**What the task requires:** Copy the listing as it is written, and leave each picture out.

**Information supplied:**

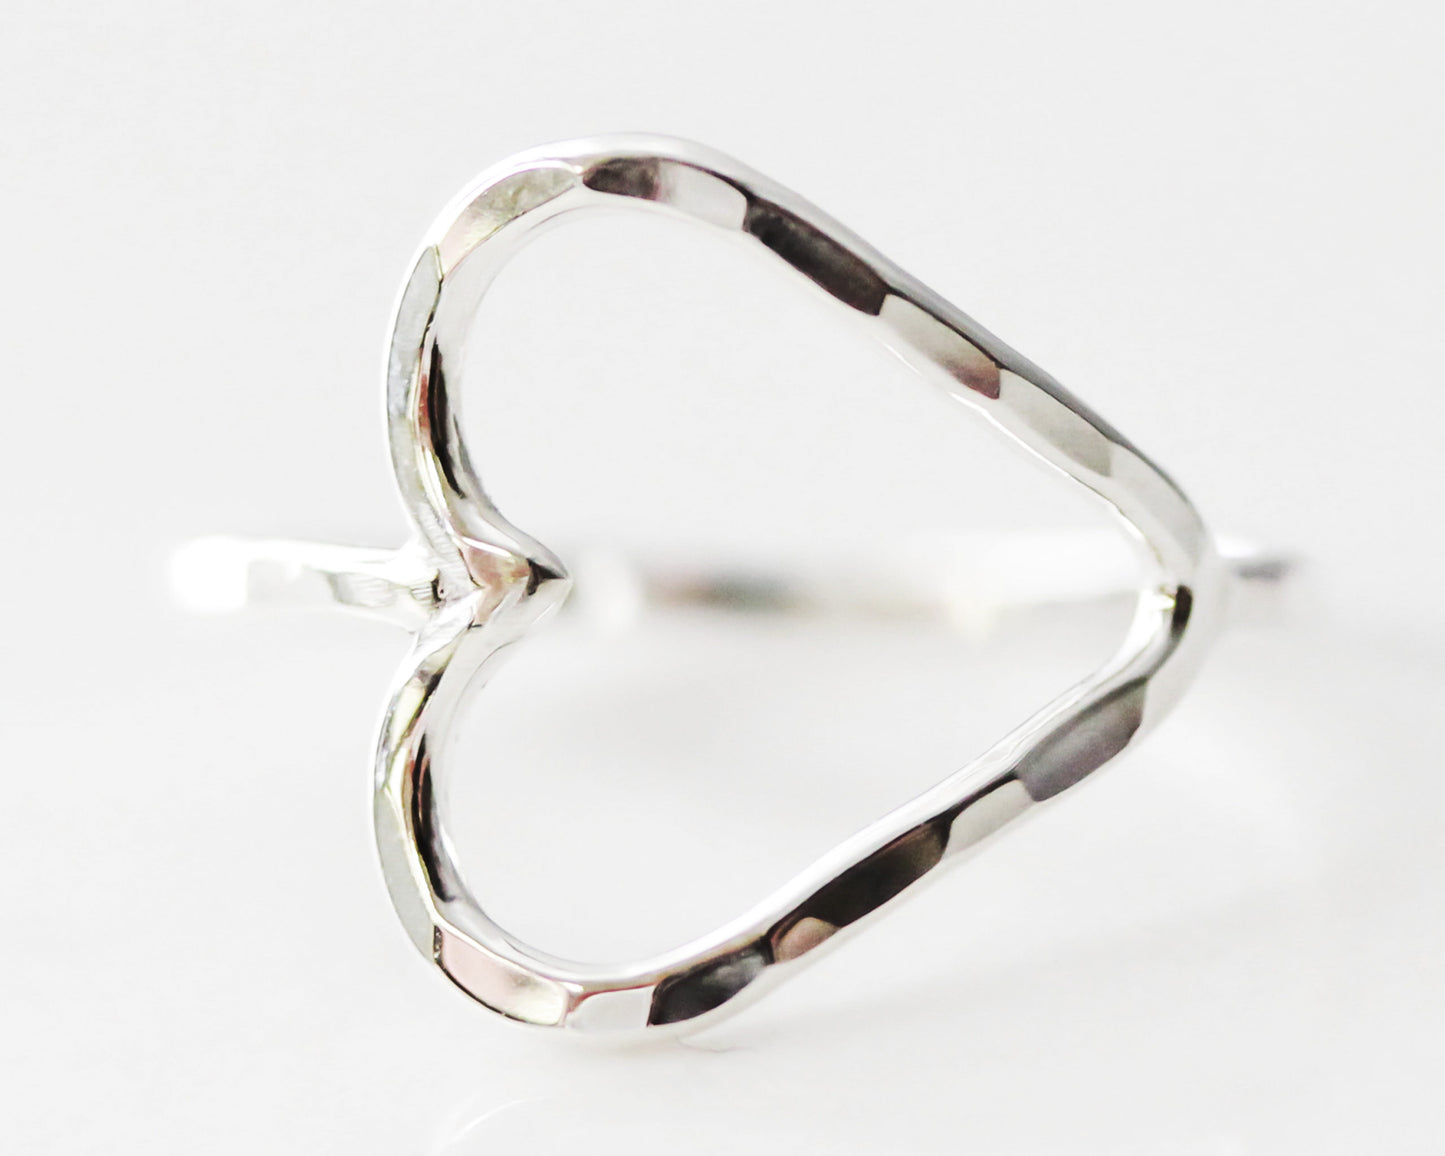 The Smitten Ring
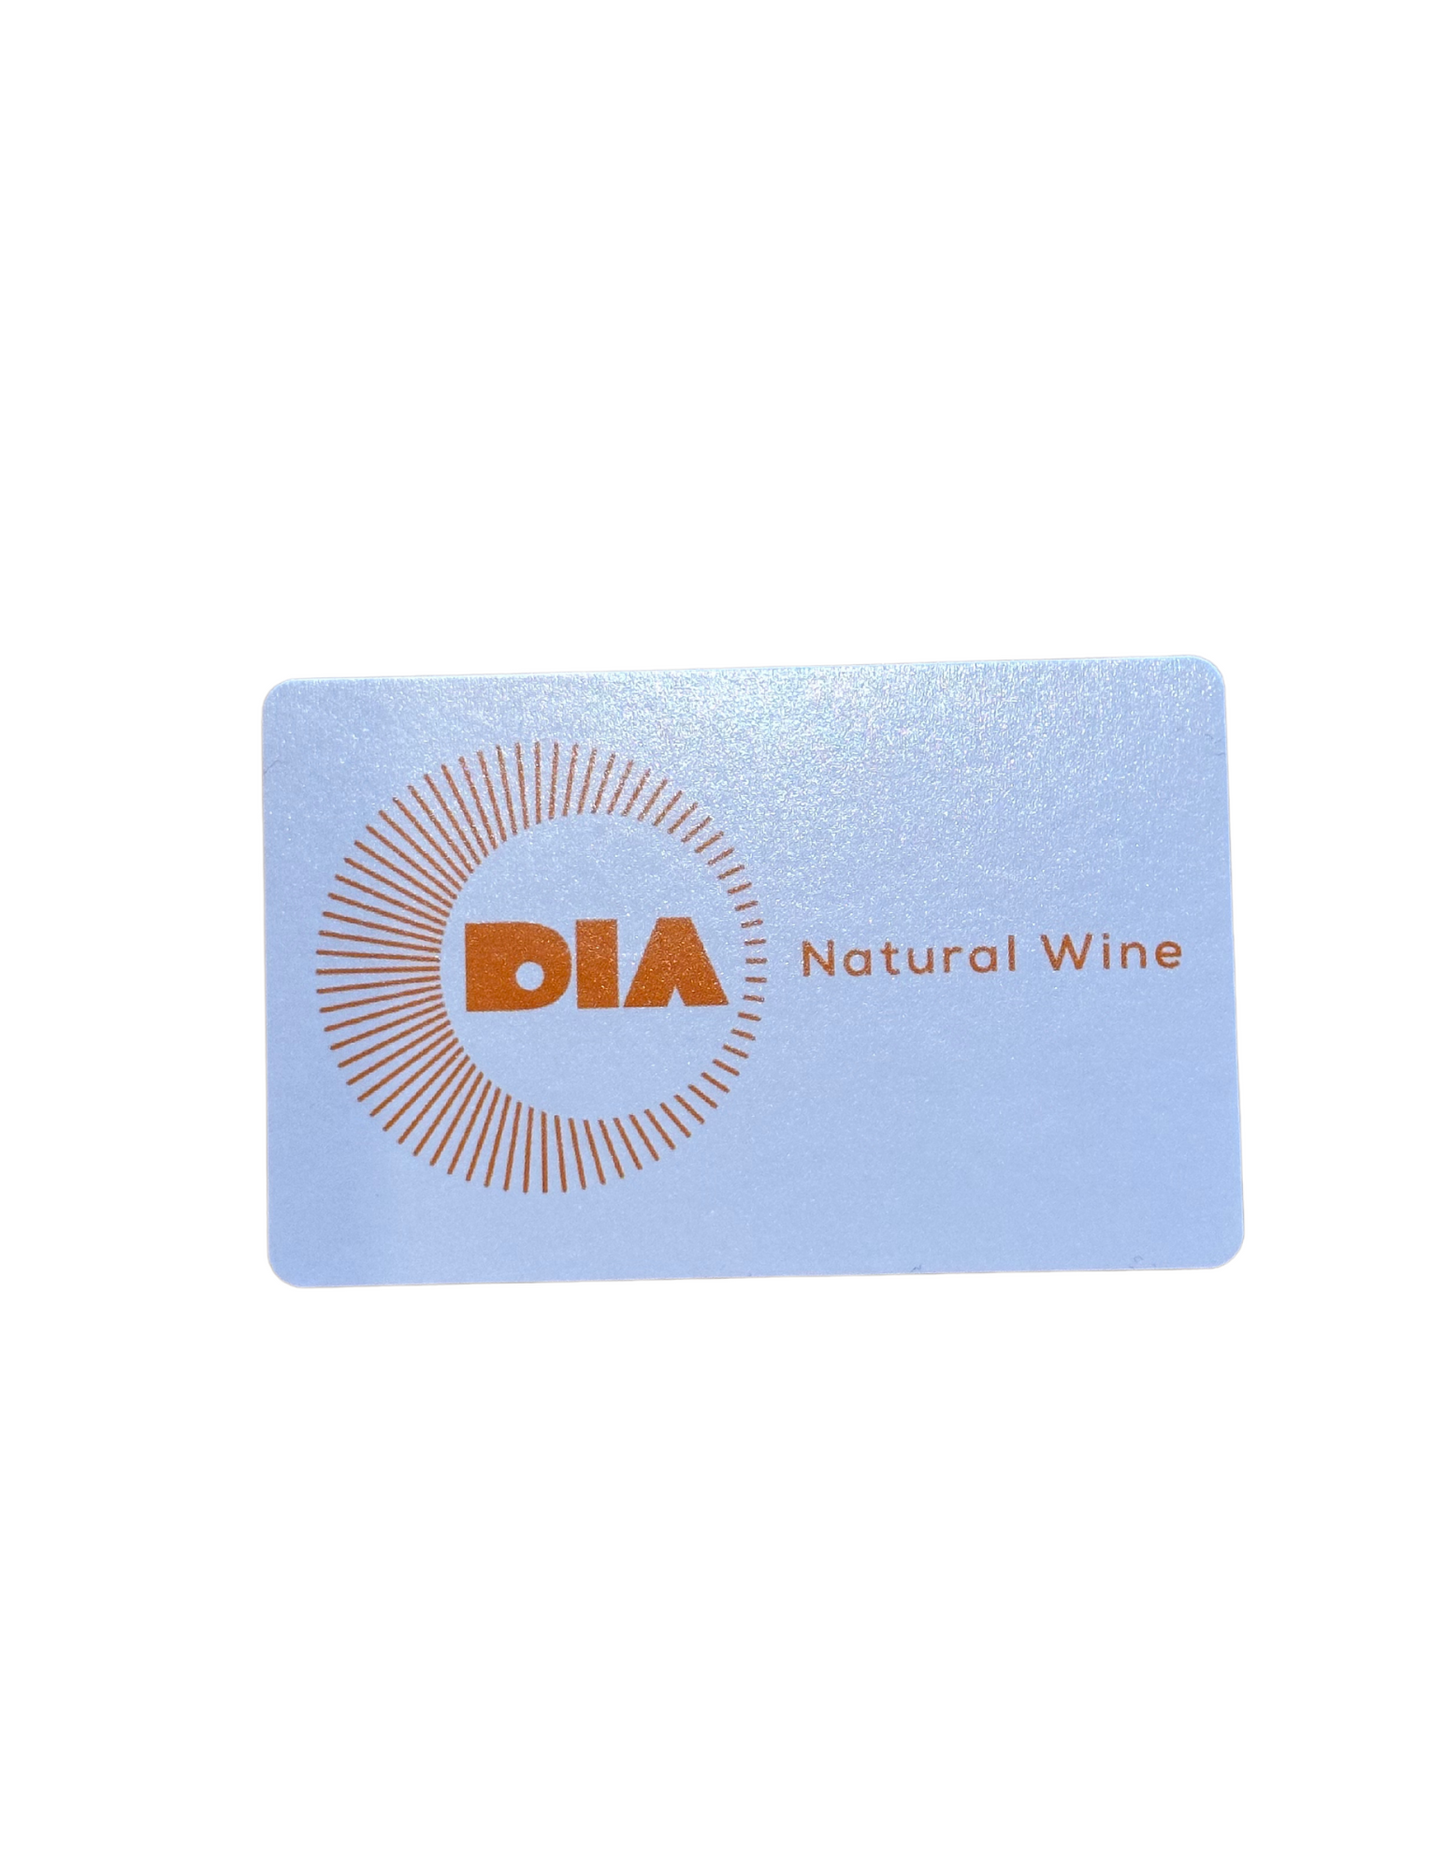 DIA Natural Wine Gift Card
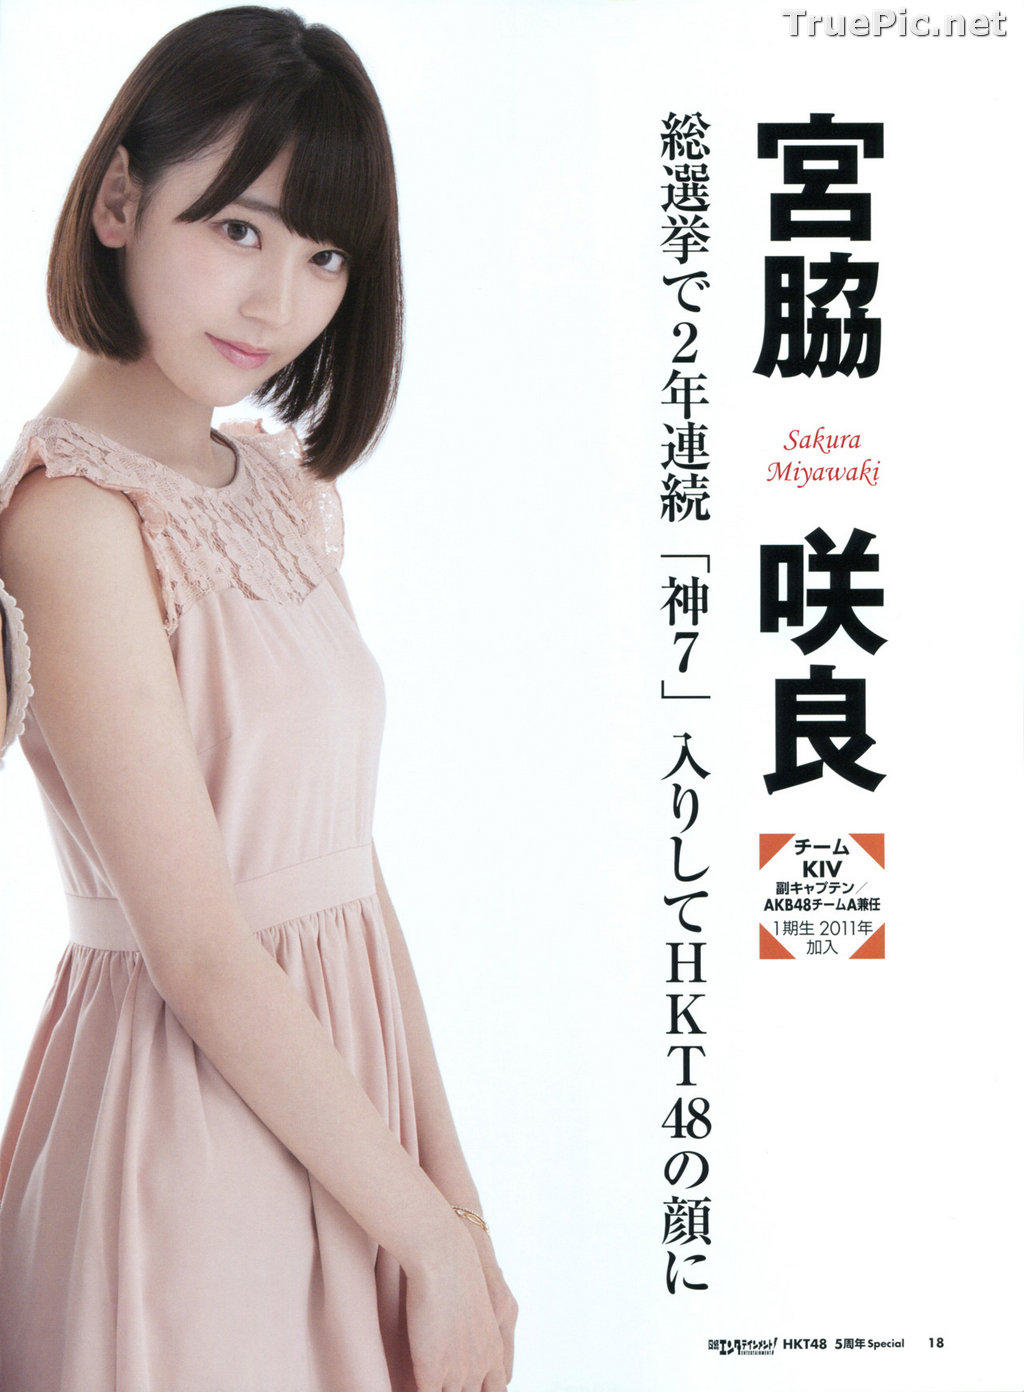 Image Japanese Singer and Actress - Sakura Miyawaki (宮脇咲良) - Sexy Picture Collection 2021 - TruePic.net - Picture-134

**Problem solution:**
 The Smitten Ring
 DIA Natural Wine Gift Card
 Image Japanese Singer and Actress - Sakura Miyawaki (宮脇咲良) - Sexy Picture Collection 2021 - TruePic.net - Picture-134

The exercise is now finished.